BEGIN

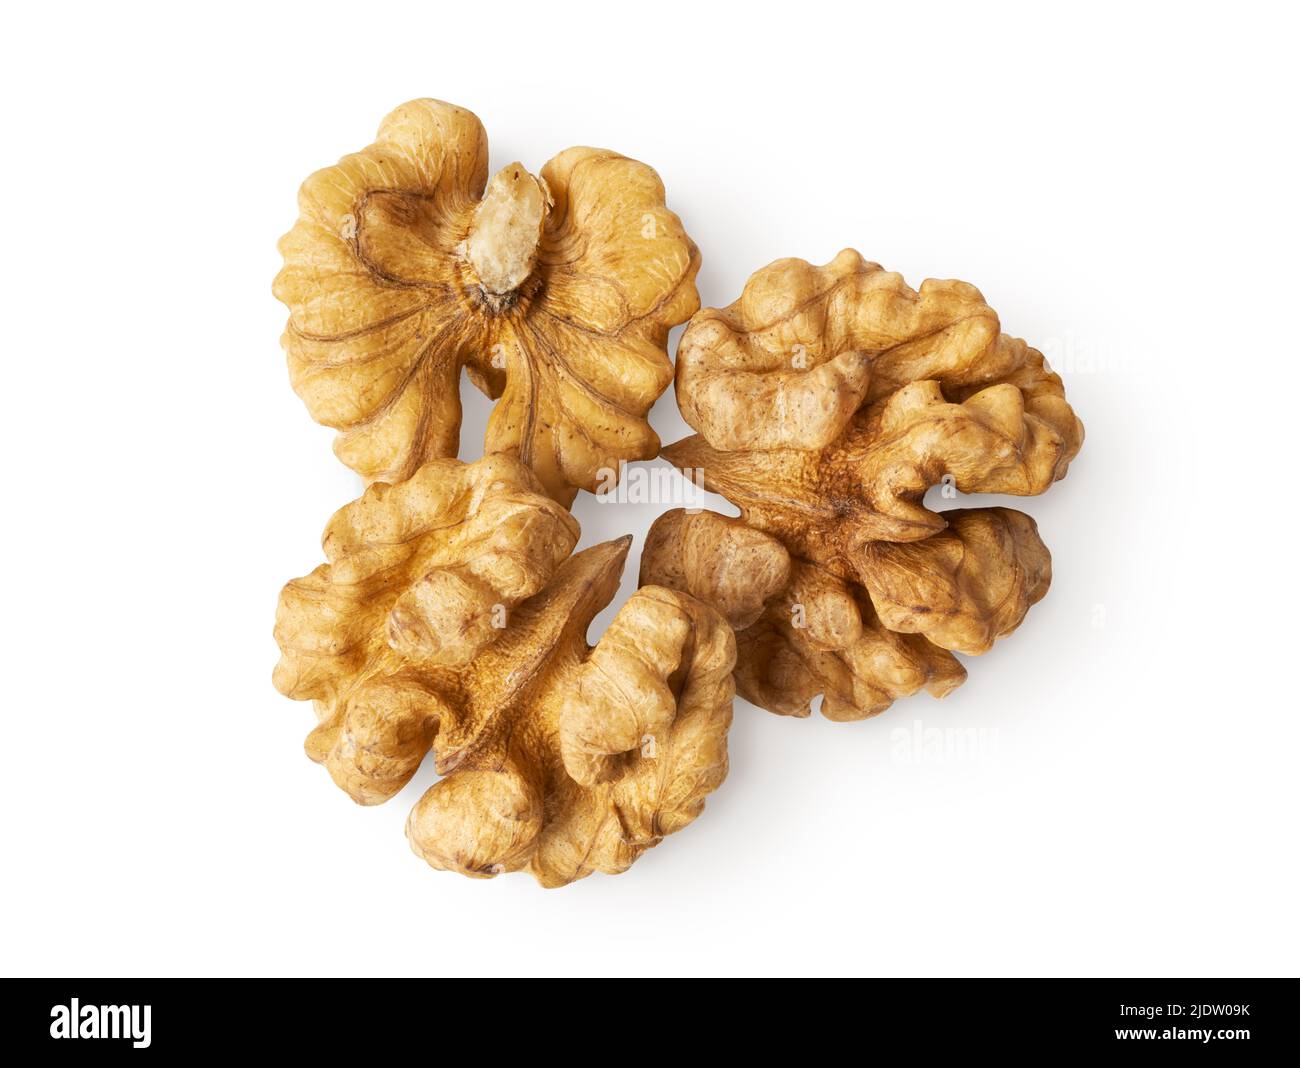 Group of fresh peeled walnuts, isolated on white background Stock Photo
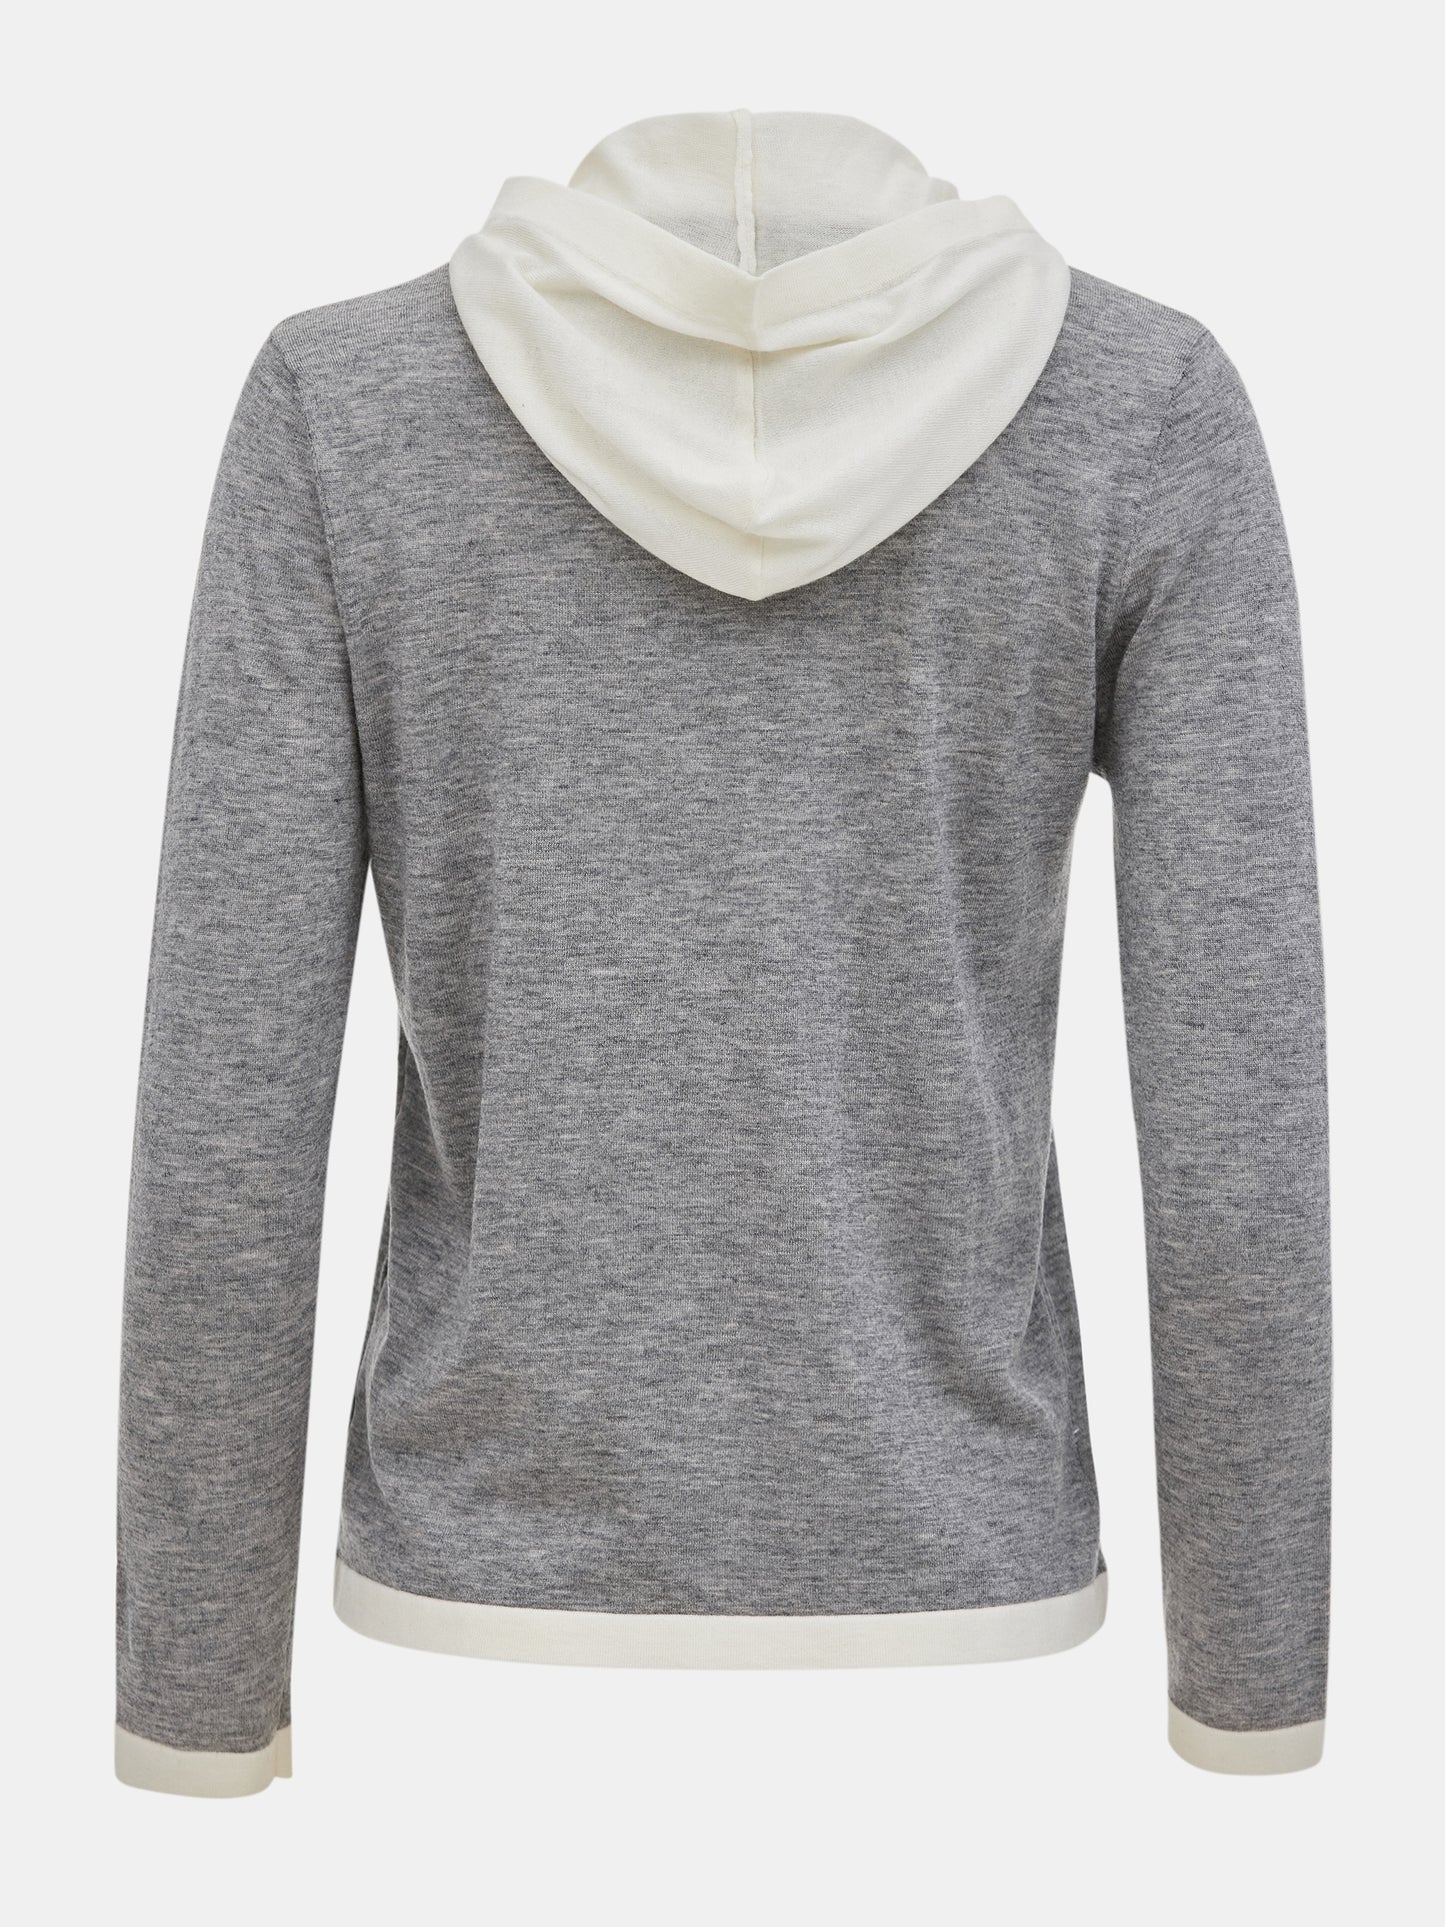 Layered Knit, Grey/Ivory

END
BEGIN

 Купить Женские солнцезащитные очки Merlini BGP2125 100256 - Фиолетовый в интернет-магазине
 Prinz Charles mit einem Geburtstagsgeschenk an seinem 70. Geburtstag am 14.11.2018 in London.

END
BEGIN

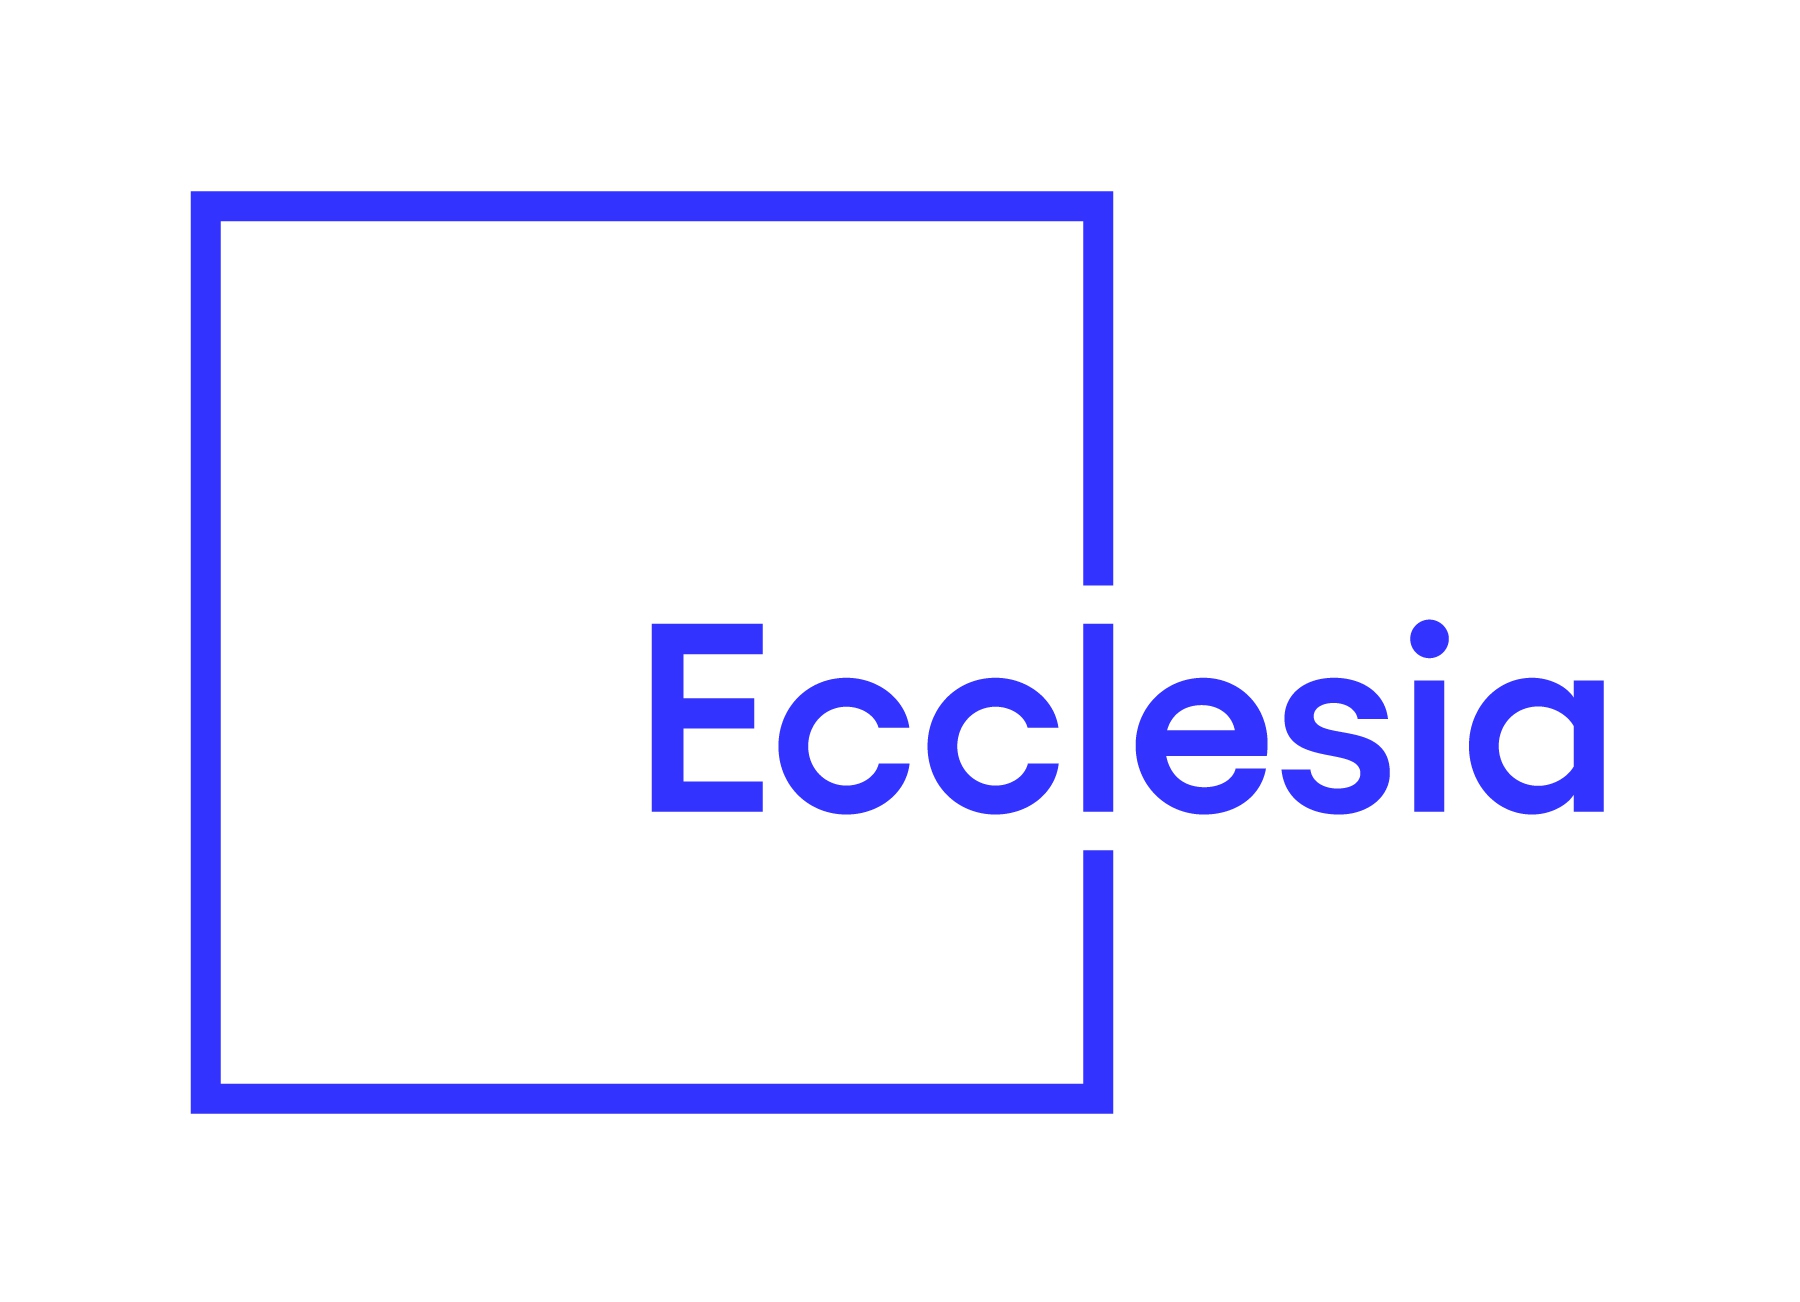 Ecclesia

END

= Your task =
Each line between the one holding "Group of fresh" and the one holding "Layered Knit, Grey/Ivory", inclusive, should be copied exactly as it appears above, and pictures should be omitted.

= Task response =
 Group of fresh peeled walnuts, isolated on white background Stock Photo
 Layered Knit, Grey/Ivory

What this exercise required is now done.